Em sintonia com o movimento que os personagens fazem, ou pelo menos insinuam, à medida que o texto avança, a concepção de A Melhor Versão, a cargo de Daniel Herz e Luis Felipe Sá, é norteada pelo desmascaramento. Há exposição ao público tanto do que sentem os personagens quanto da estrutura do trabalho. Os atores aparecem entrando na Cidade das Artes, local onde o filme da peça foi feito, e a inclusão desse momento anterior ao início da apresentação propriamente dito lembra, rapidamente, a chegada dos atores ao teatro em Tio Vanya em Nova York (1994), de Louis Malle, que, inclusive, coloca o espectador diante de uma encenação (Tio Vanya, de Tchekhov). Em A Melhor Versão, os diretores propõem operações mais visíveis na conjugação entre teatro e cinema, ao passo que Malle, apenas aparentemente se limitando a registrar uma apresentação, interage com a peça de Tchekhov.
Além do palco, os atores/personagens percorrem outros espaços da Cidade das Artes que intencionalmente não correspondem aos ambientes mencionados na peça. A fricção entre os ambientes fictícios e aqueles onde as cenas são realizadas sem preocupação com reconstituições realistas suscita provável estranhamento que diminui a chance do espectador estabelecer uma relação ilusionista, alienada, com o filme/espetáculo, apesar da autora se debruçar sobre o universo cotidiano, que tende a provocar sensação de identificação em quem assiste. Há ainda um contraste entre a ilusão romântica evocada por meio de citações a expoentes do cinema clássico, como Casablanca (1942), de Michael Curtiz, e A Felicidade não se Compra (1947), de Frank Capra, e a aridez emocional que atravessa as jornadas dos personagens.
Ao promover o diálogo entre as artes, A Melhor Versão se aproxima do cinema na manipulação das imagens, mas se afasta dele ao desconectá-lo do registro realista habitual nessa manifestação, e investe na teatralidade resultante da articulação não literal do texto com os ambientes e os objetos, que adquirem caráter simbólico. O exemplo mais expressivo é o da mesa, elemento cenográfico (direção de arte de Clivia Cohen e José Cohen) que sintetiza a situação de confronto e desequilíbrio, o distanciamento causado pela falta de comunicação e o refúgio da realidade, comportamentos da família apresentada por Spadaccini.
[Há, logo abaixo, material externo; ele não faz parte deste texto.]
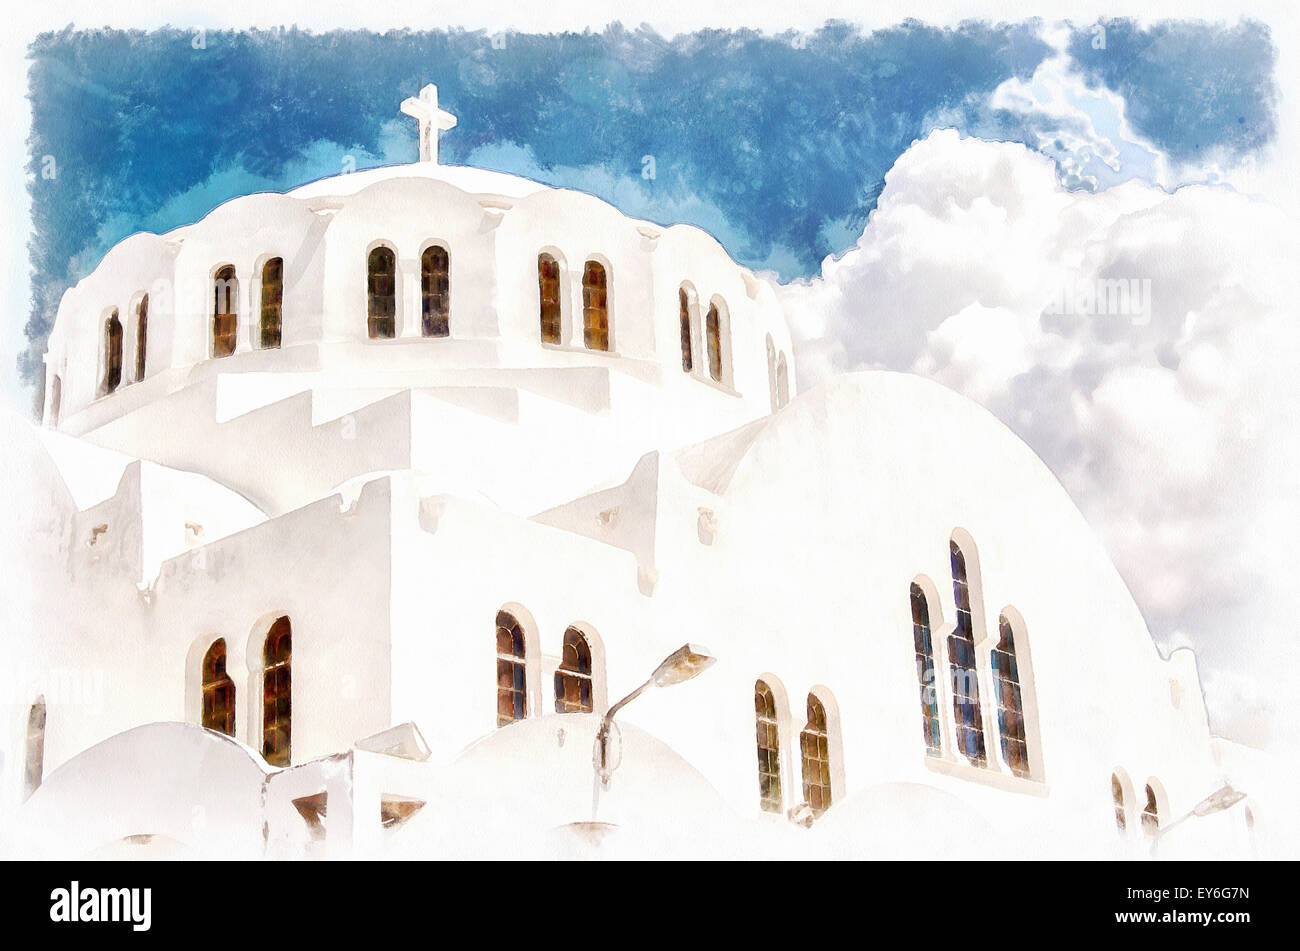 La cathédrale orthodoxe métropolitaine situé dans la capitale de Fira sur l'île grecque de Santorin. Banque D'Images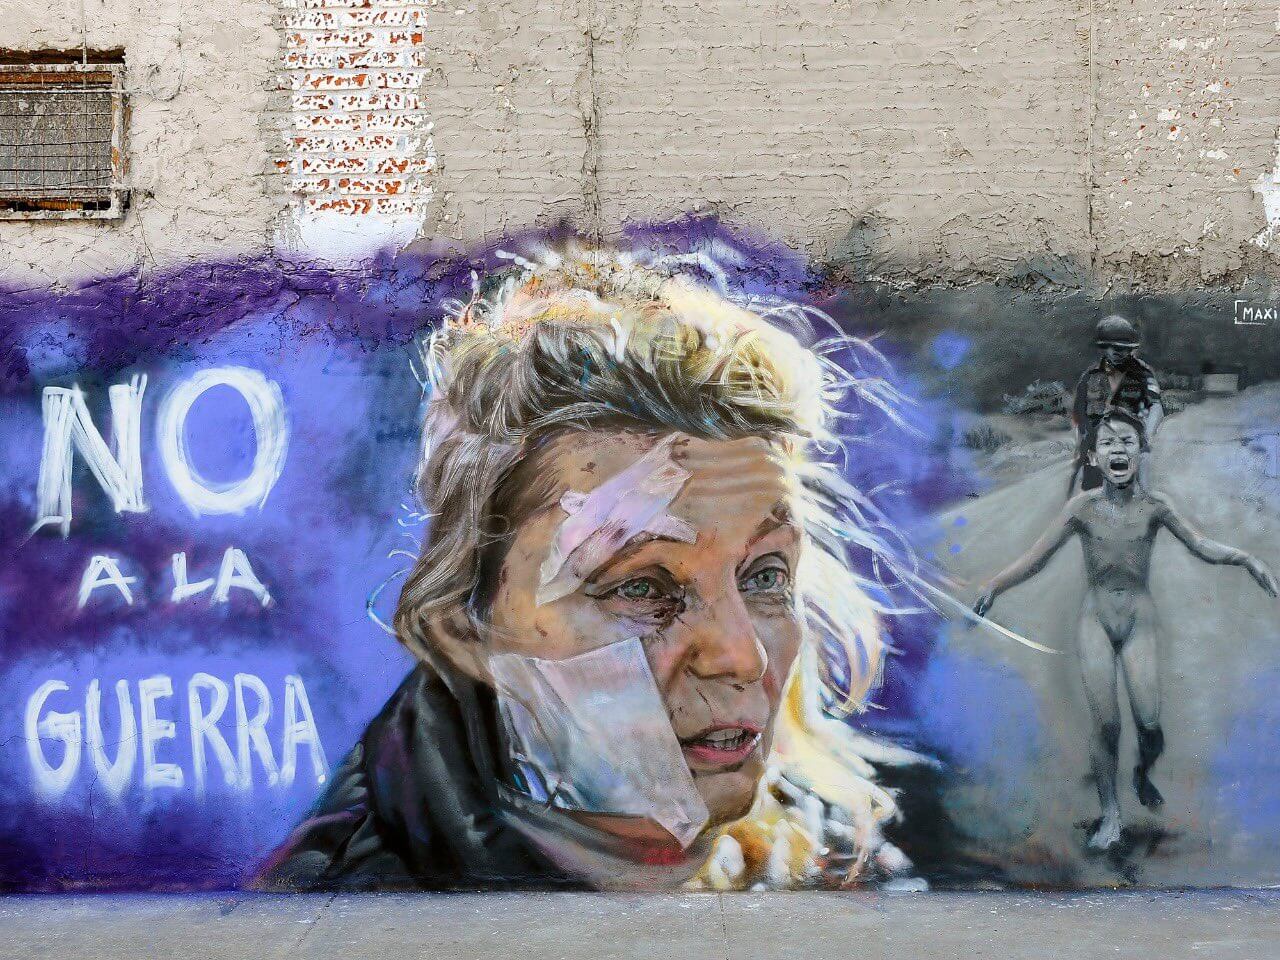 Un mural en Palermo pide “No a la guerra” entre Rusia y Ucrania

A estrutura do trabalho também é mantida à mostra na dinâmica interpretativa buscada junto ao elenco. Ana Paula Secco, Armando Babaioff e Michel Blois transitam entre a narração e a vivência, frisando a distinção e, em contrapartida, a contaminação entre os planos, tendo em vista que o ato de narrar não se dá através de uma descrição fria, e sim de um comprometimento diante daquilo que é contado.
Em A Melhor Versão, os mecanismos estão em evidência. Na dramaturgia, através da partilha com o público das estruturas de funcionamento psíquico dos personagens; na da construção cênica/cinematográfica, por meio da exposição das engrenagens do fazer artístico.